[SOURCE MATERIAL Boundary: Start]

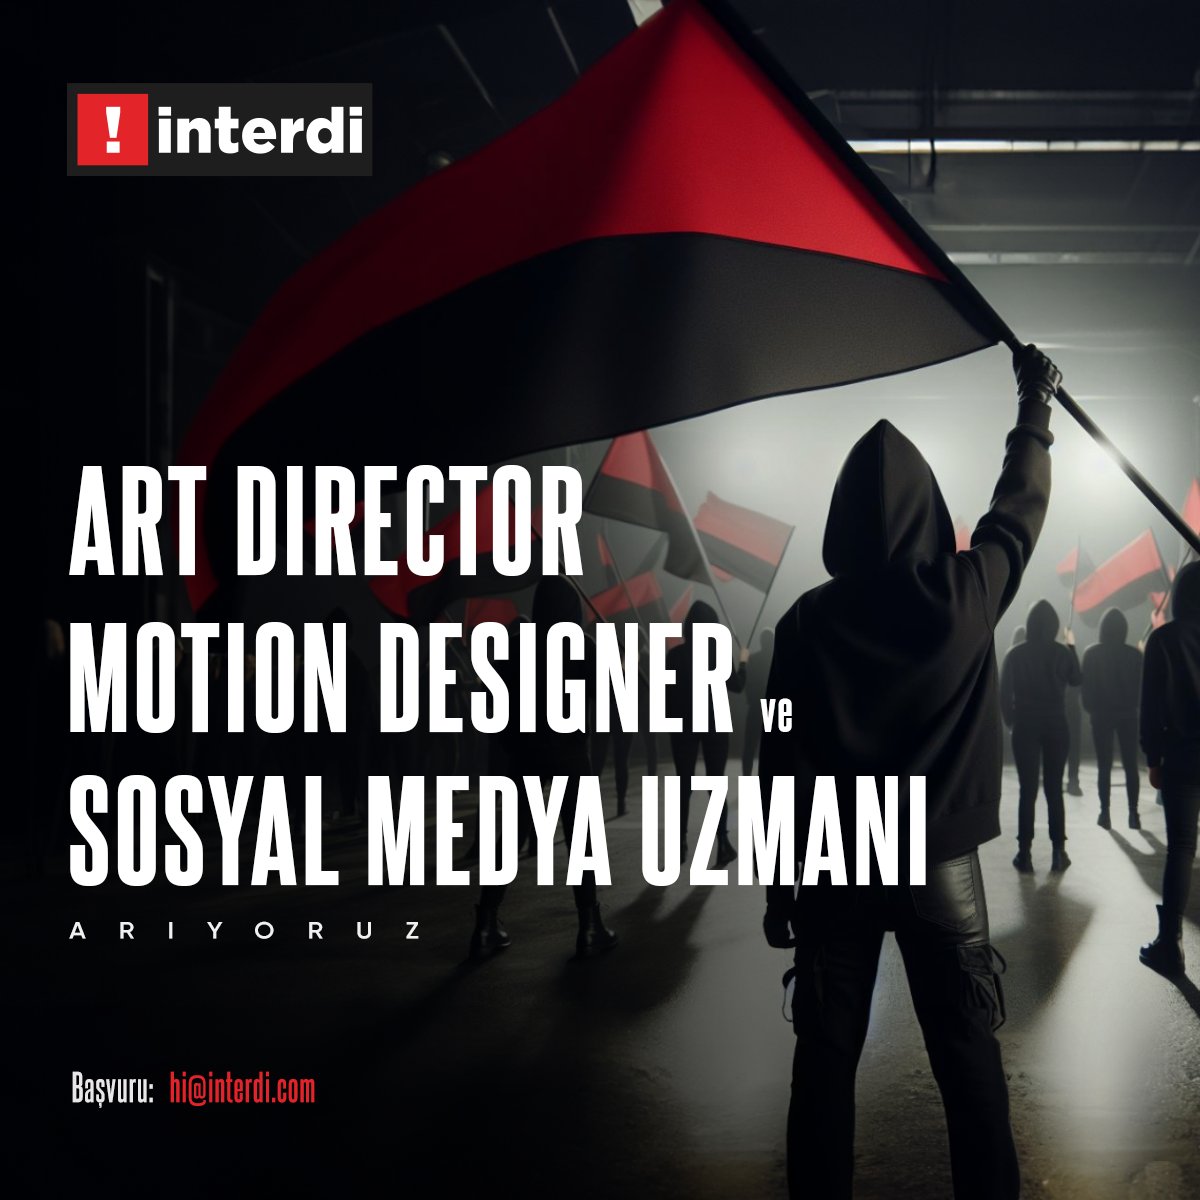 İnterdi, #ArtDirector, #MotionDesigner ve #SosyalMedyaUzmanı Arıyor

ajansisleri.com/interdi-art-di…
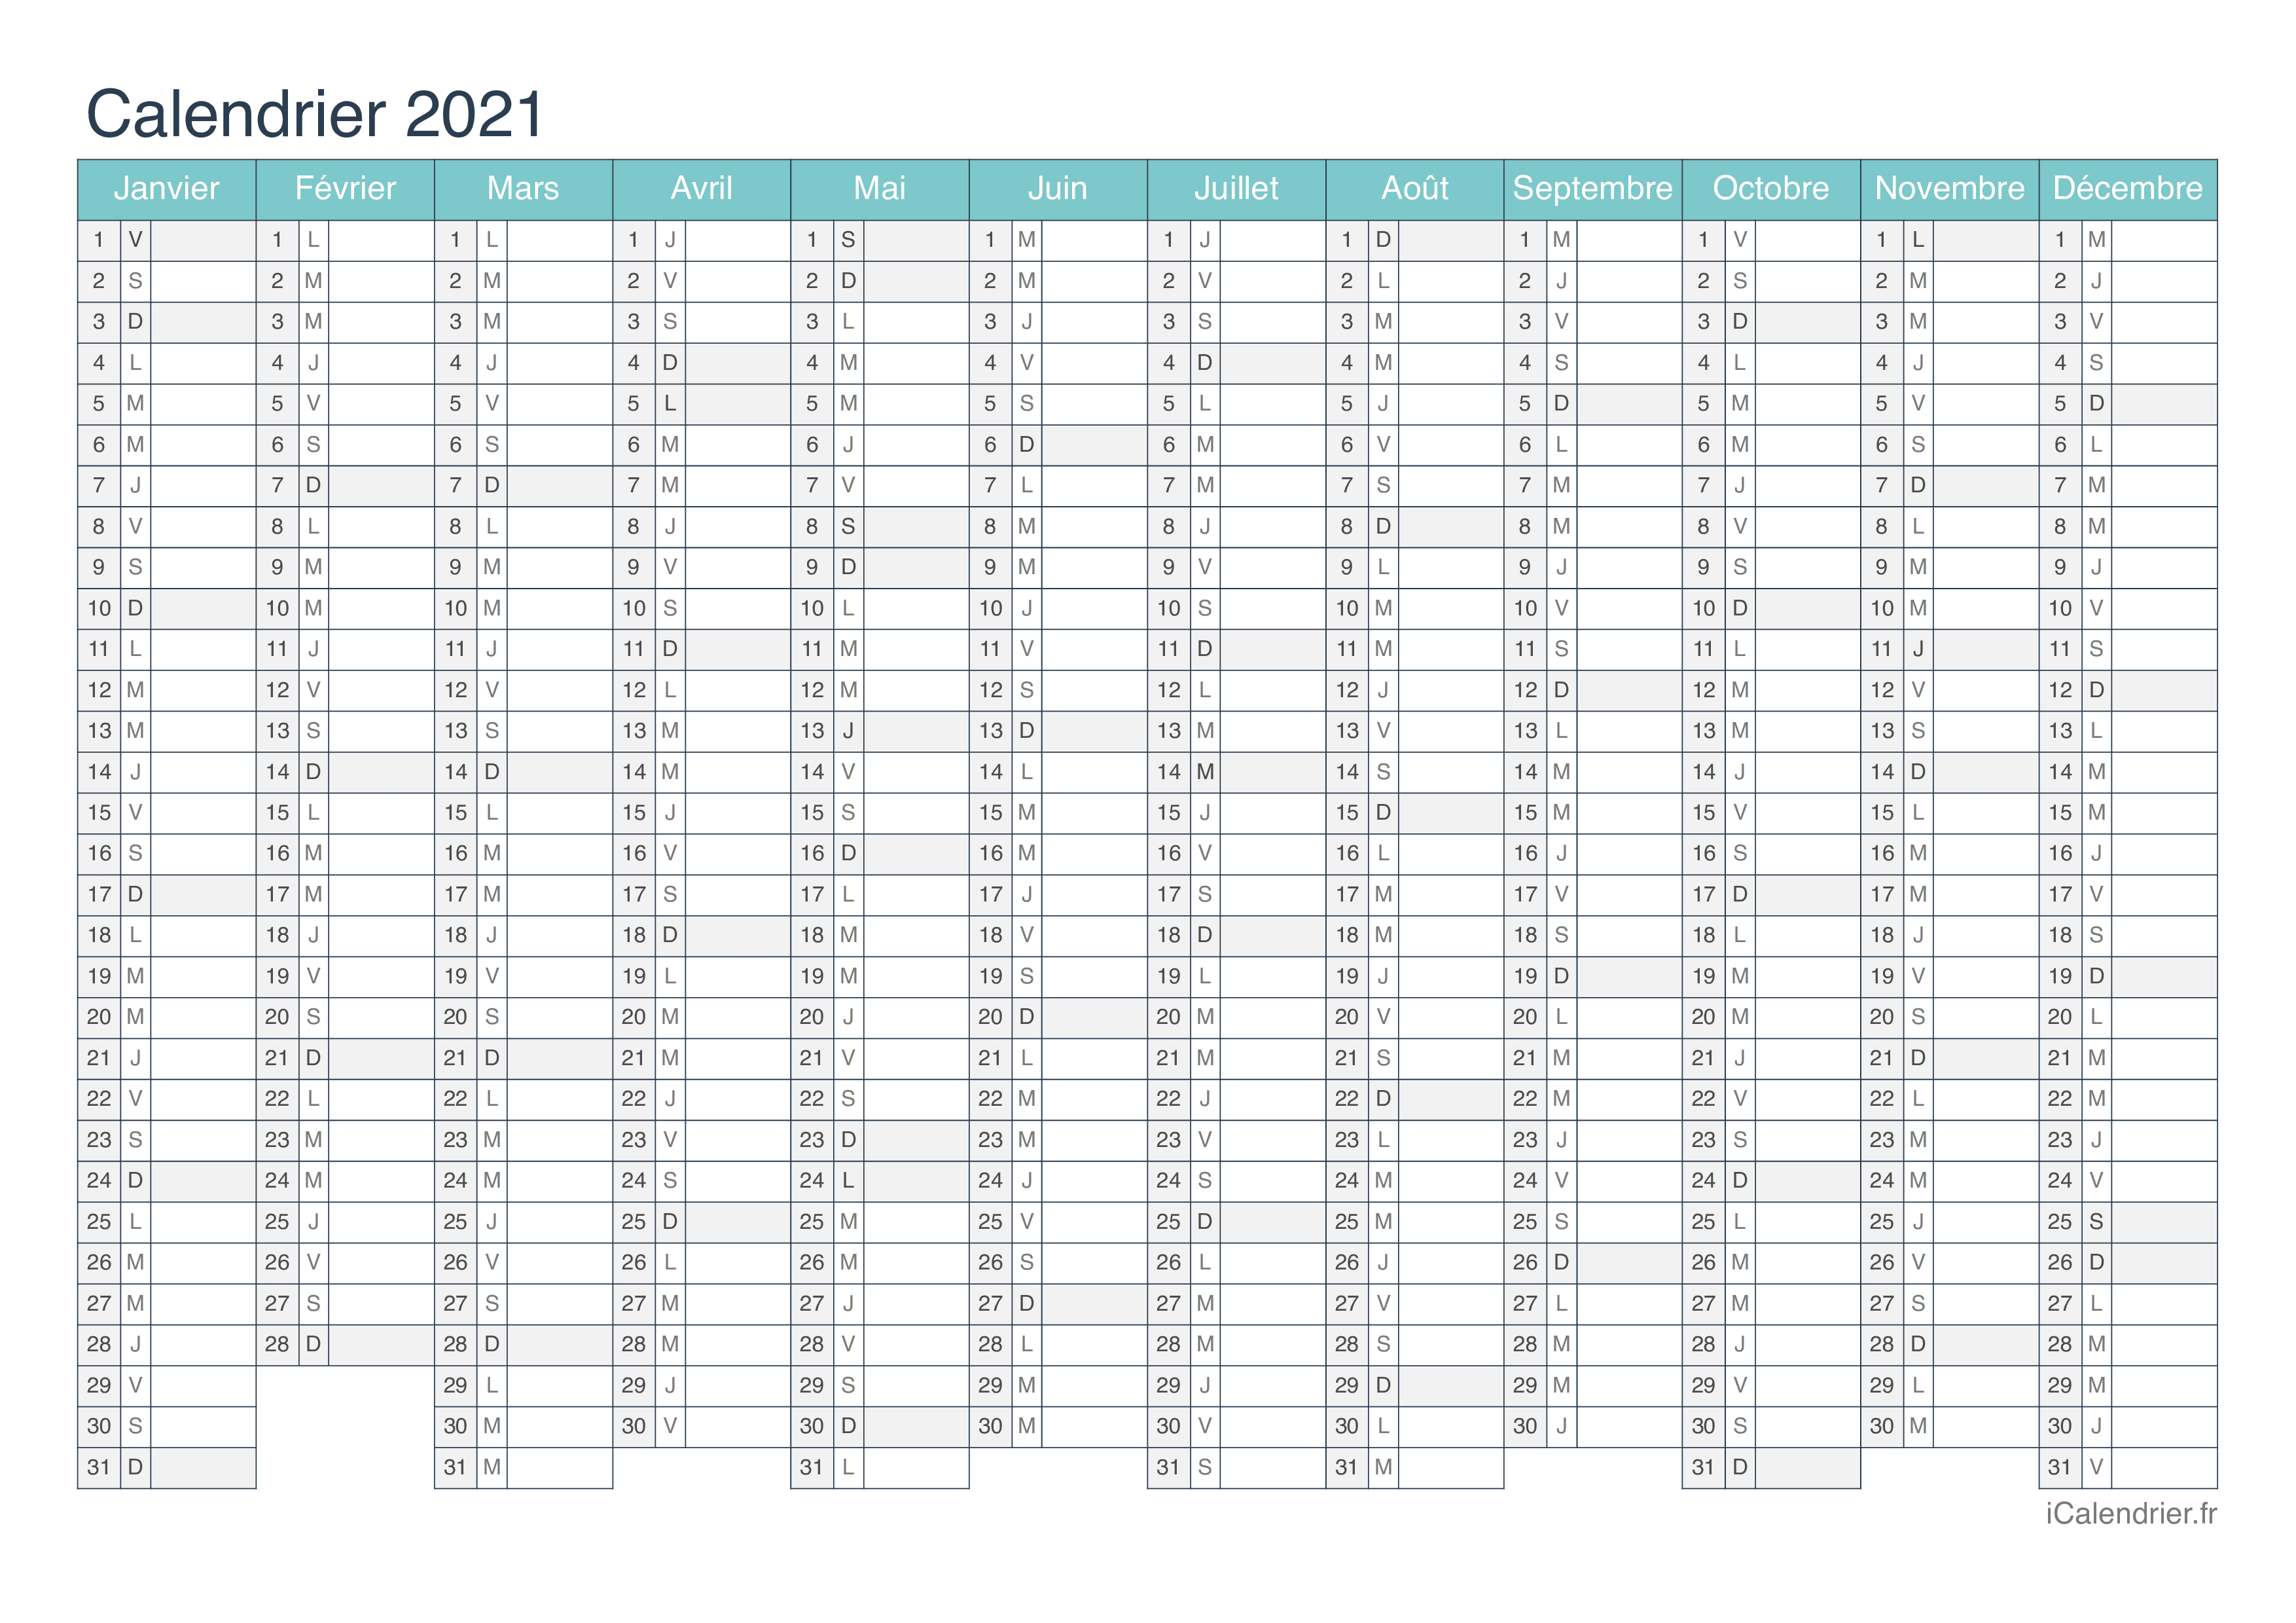 Calendrier 2021 Gratuit Excel Calendrier 2021 à imprimer PDF et Excel   iCalendrier
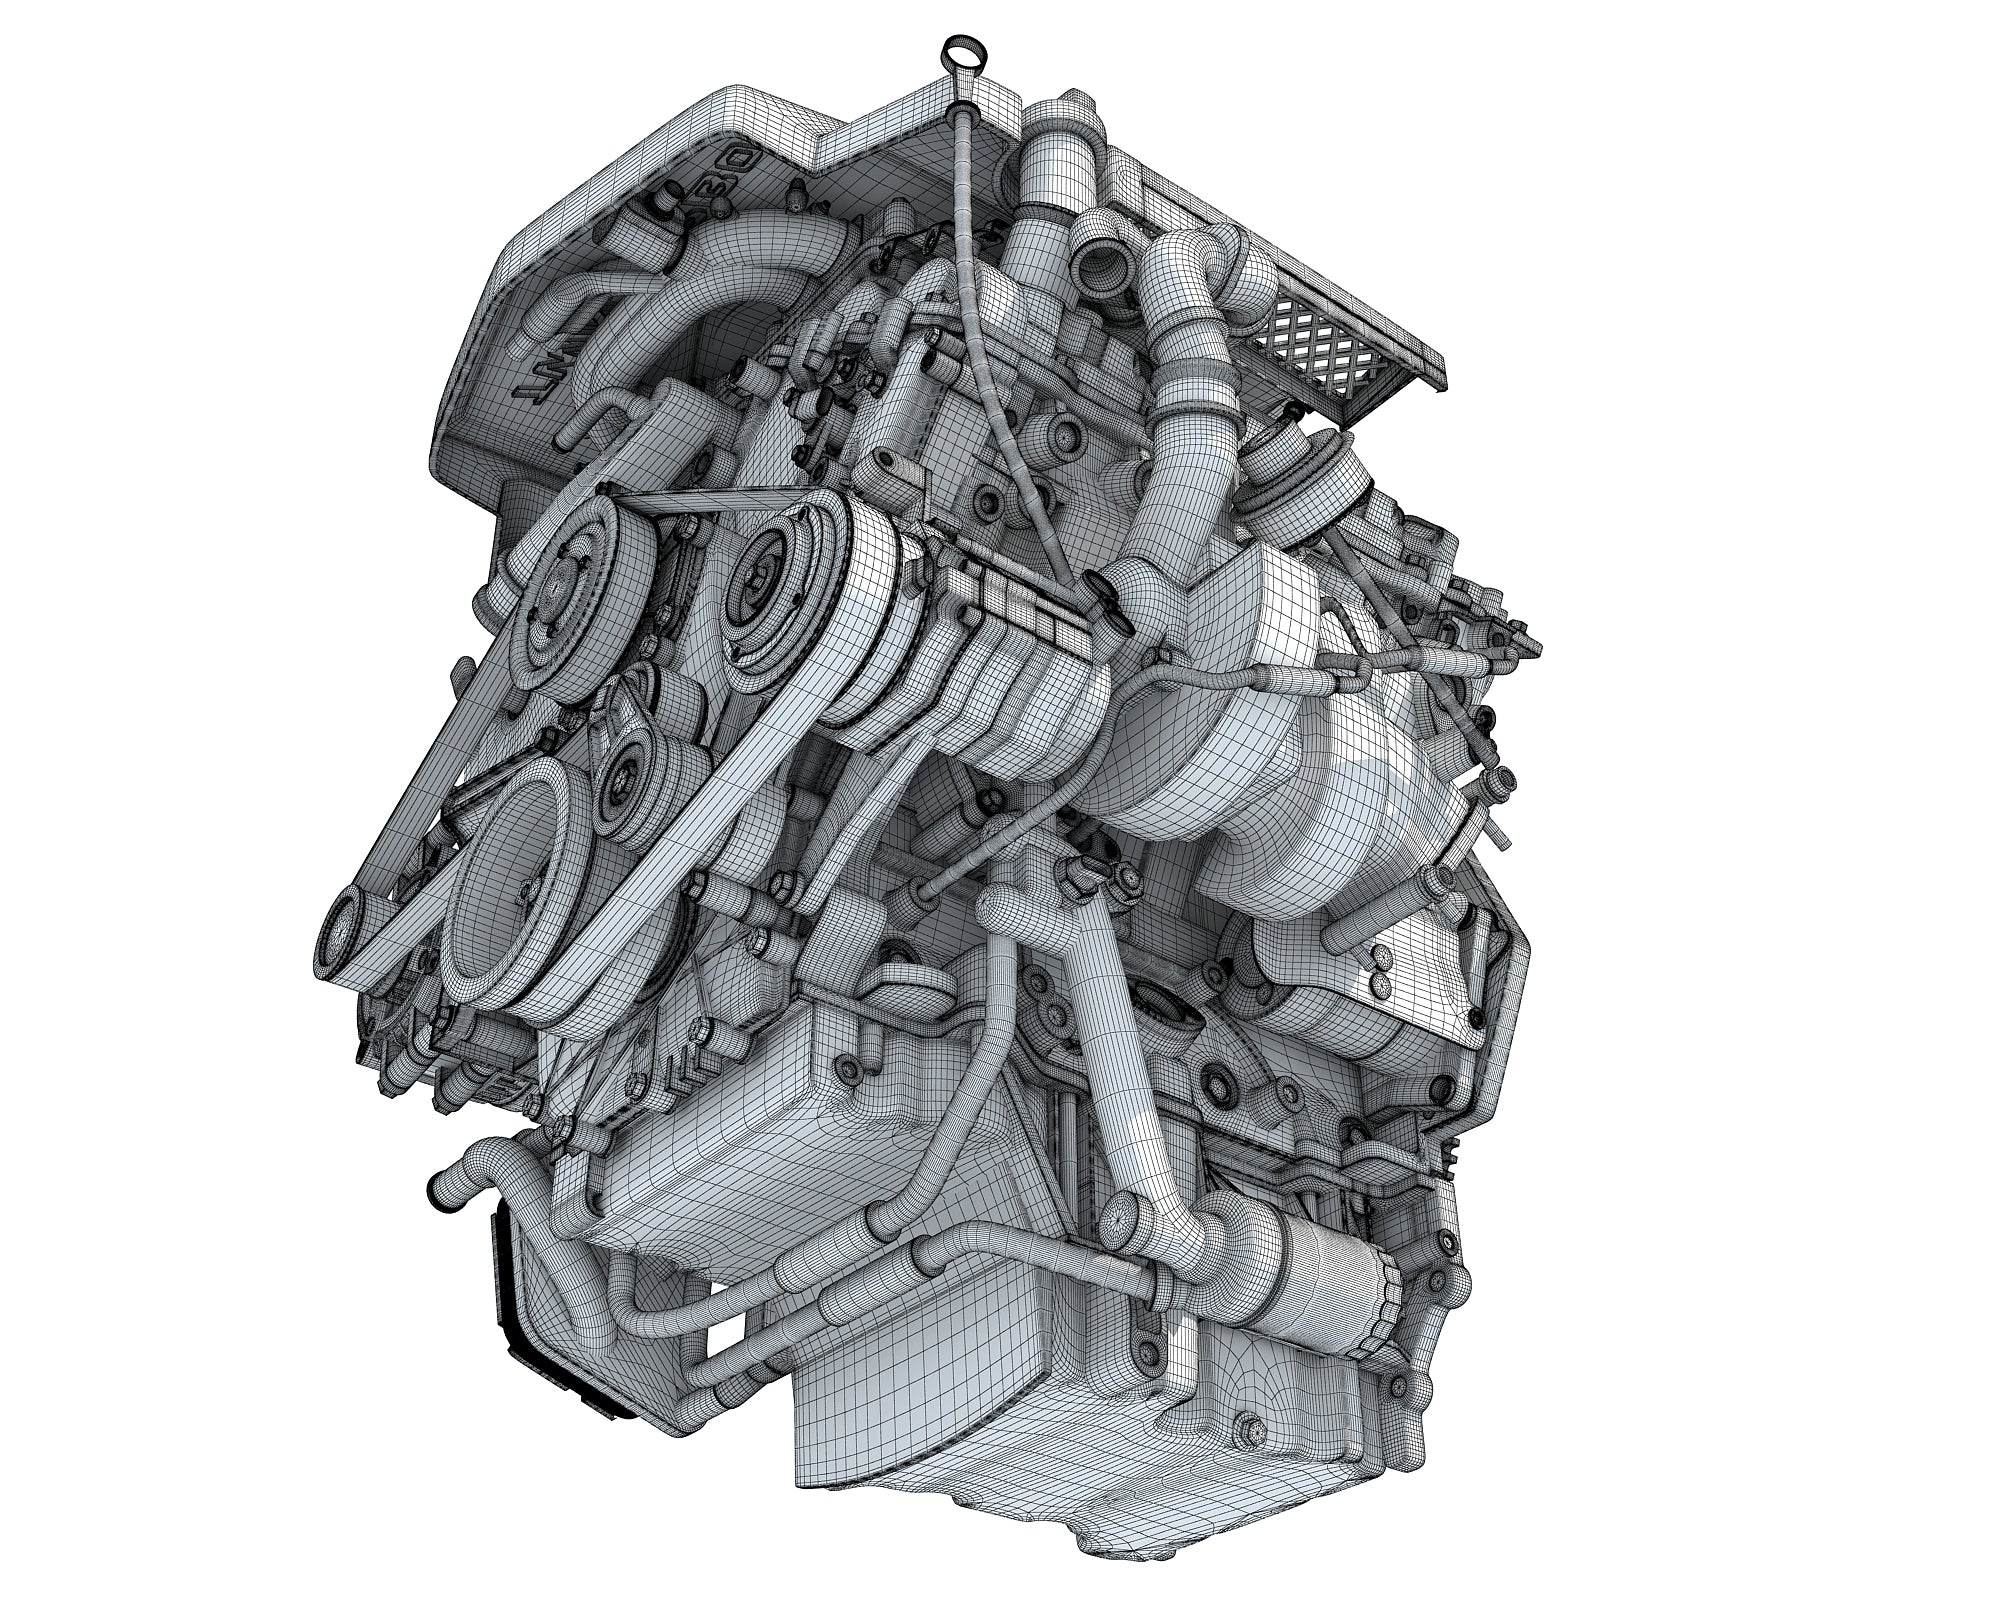 Inside Engine - 3D Models

[SOURCE MATERIAL Boundary: End]

** ASSIGNMENT **
Pictures are to be left out. Otherwise, copy the material above exactly.

** ANSWER SPACE **
 İnterdi, #ArtDirector, #MotionDesigner ve #SosyalMedyaUzmanı Arıyor

ajansisleri.com/interdi-art-di…
 Calendrier 2021 Gratuit Excel Calendrier 2021 à imprimer PDF et Excel   iCalendrier
 Inside Engine - 3D Models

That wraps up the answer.